(Beginning of Data section)
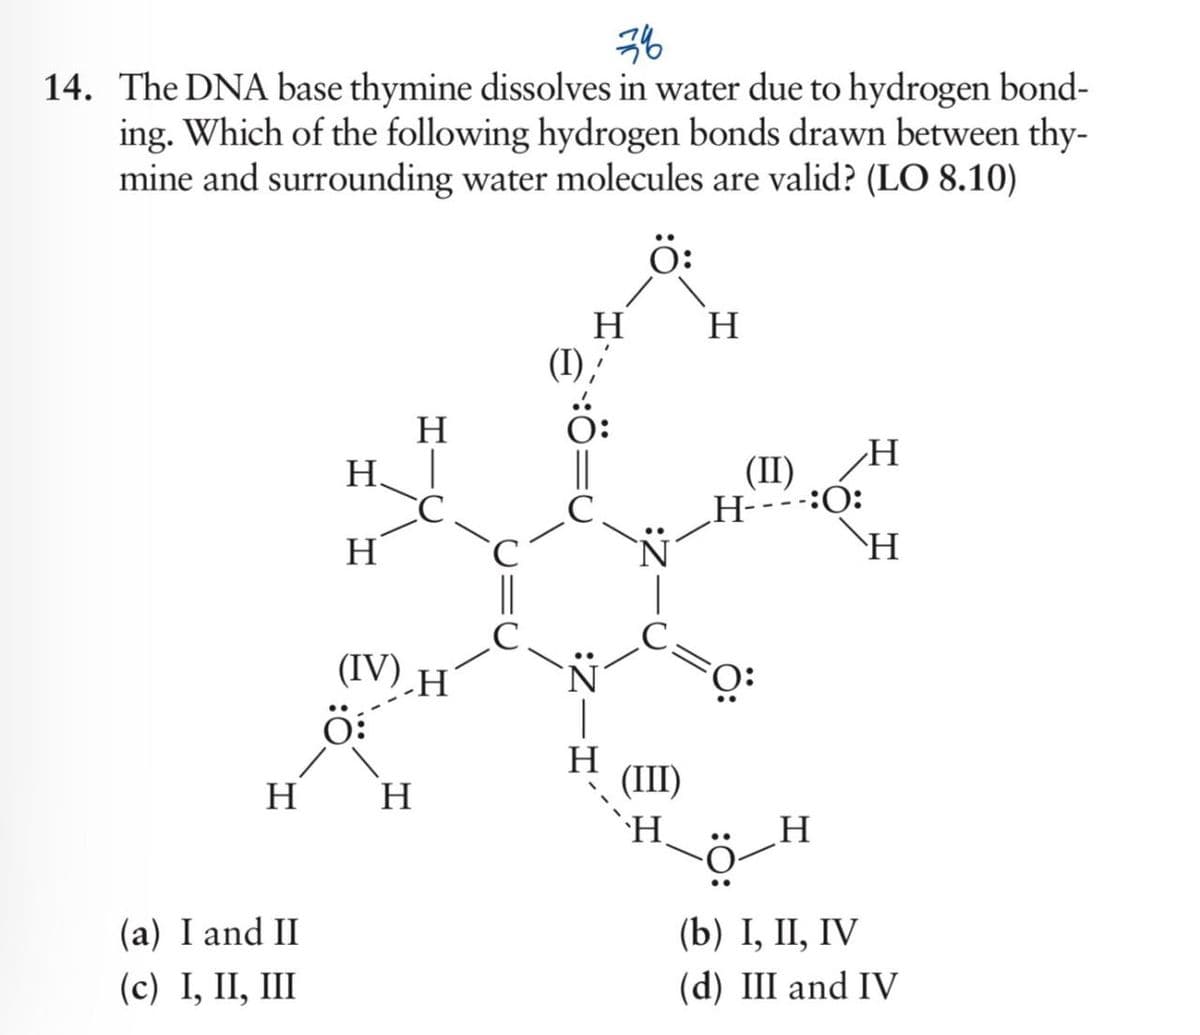 76
14. The DNA base thymine dissolves in water due to hydrogen bond-
ing. Which of the following hydrogen bonds drawn between thy-
mine and surrounding water molecules are valid? (LO 8.10)
H
H|
H
(IV) H
H
H
(I)'
(II)
H
H----:O:
H
H
H
H
(III)
H
H
(a) I and II
(c) I, II, III
(b) I, II, IV
(d) III and IV
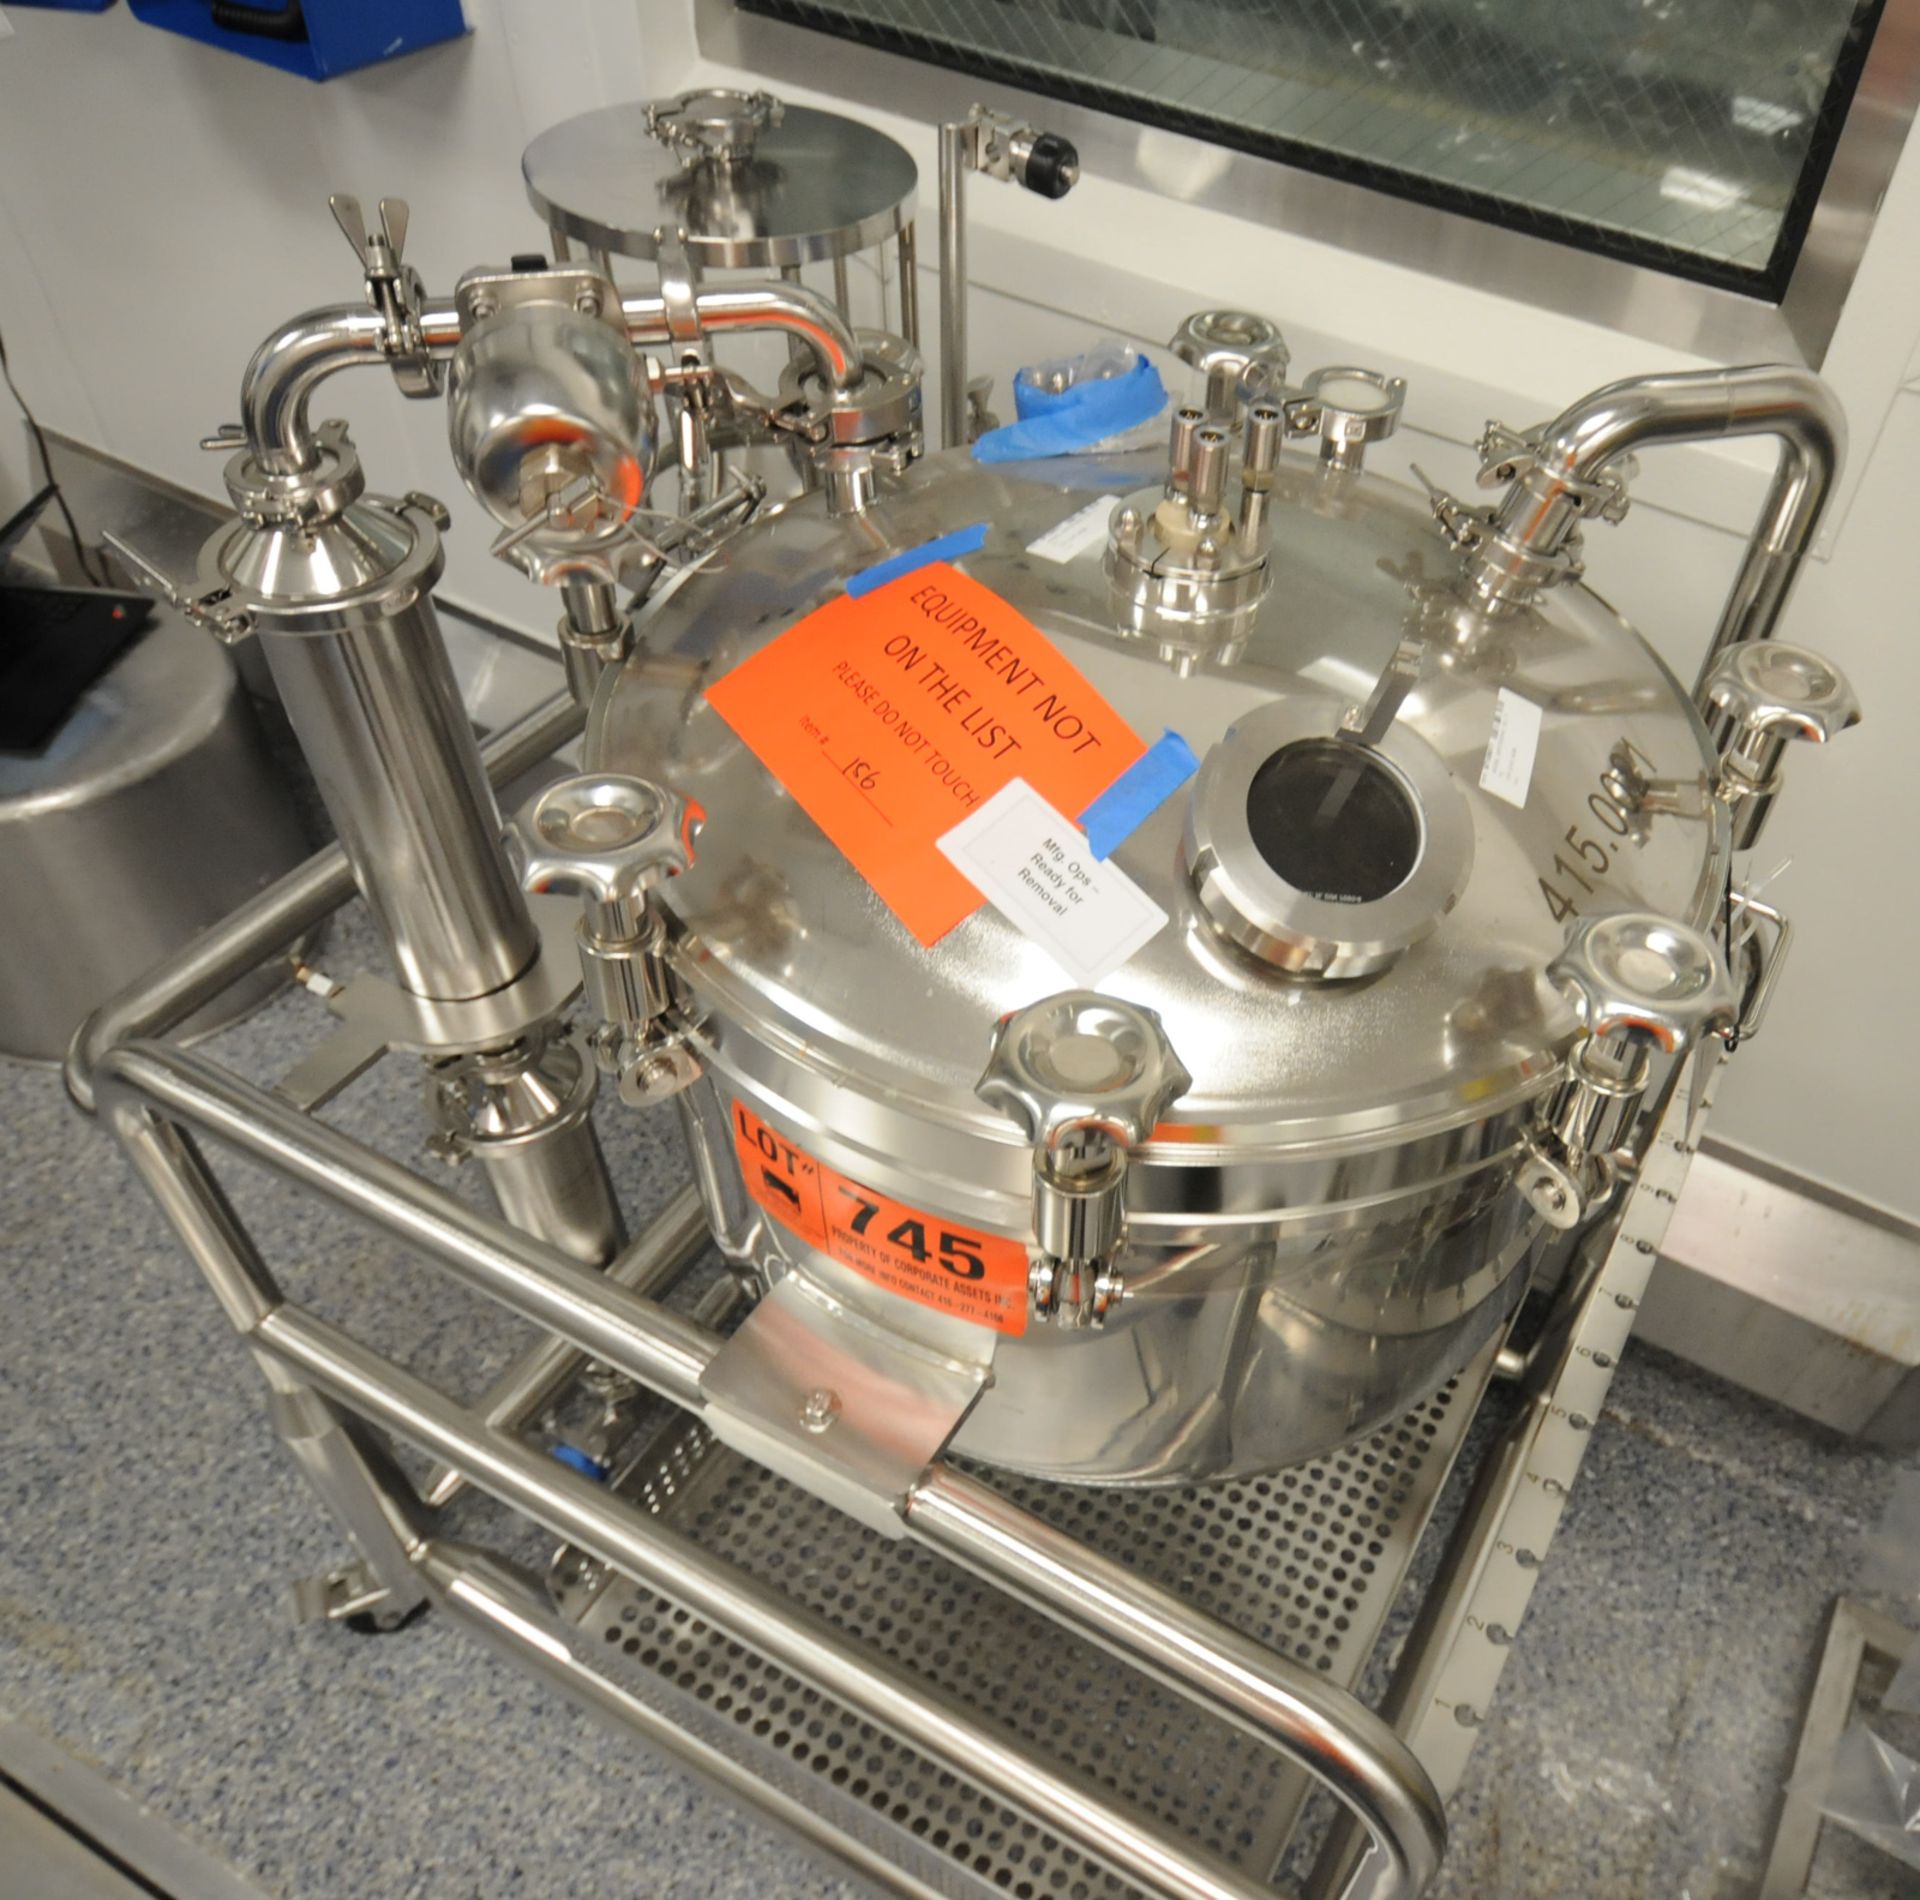 SOMMER & STRASSBURGER (2013) RAUM/CHAMBER STAINLESS STEEL CART MOUNTED PORTABLE REACTOR VESSEL - Image 2 of 6
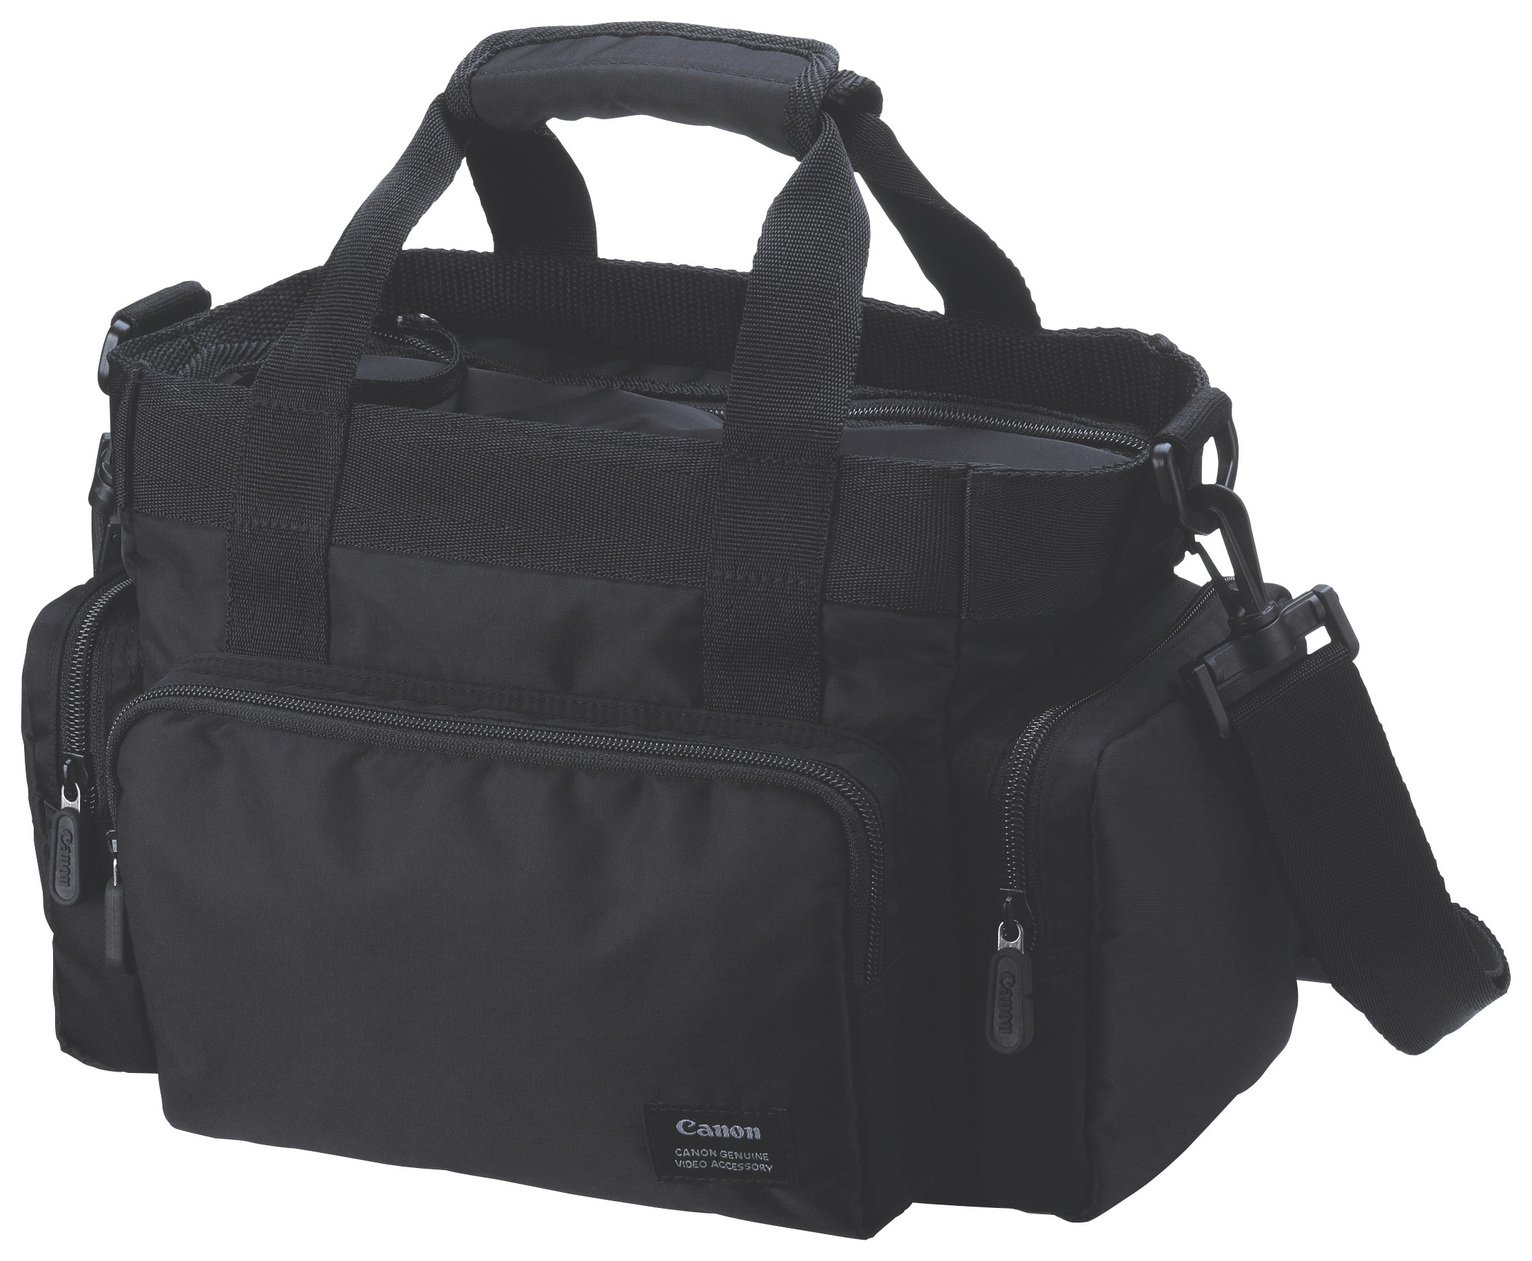 Canon Soft System Camcorder Bag review
(End of Data section)
What to work on =>
Reproduce all lines above exactly. Leave the images out.

Exercise response =>
 76
14. The DNA base thymine dissolves in water due to hydrogen bond-
ing. Which of the following hydrogen bonds drawn between thy-
mine and surrounding water molecules are valid? (LO 8.10)
H
H|
H
(IV) H
H
H
(I)'
(II)
H
H----:O:
H
H
H
H
(III)
H
H
(a) I and II
(c) I, II, III
(b) I, II, IV
(d) III and IV
 SOMMER & STRASSBURGER (2013) RAUM/CHAMBER STAINLESS STEEL CART MOUNTED PORTABLE REACTOR VESSEL - Image 2 of 6
 Canon Soft System Camcorder Bag review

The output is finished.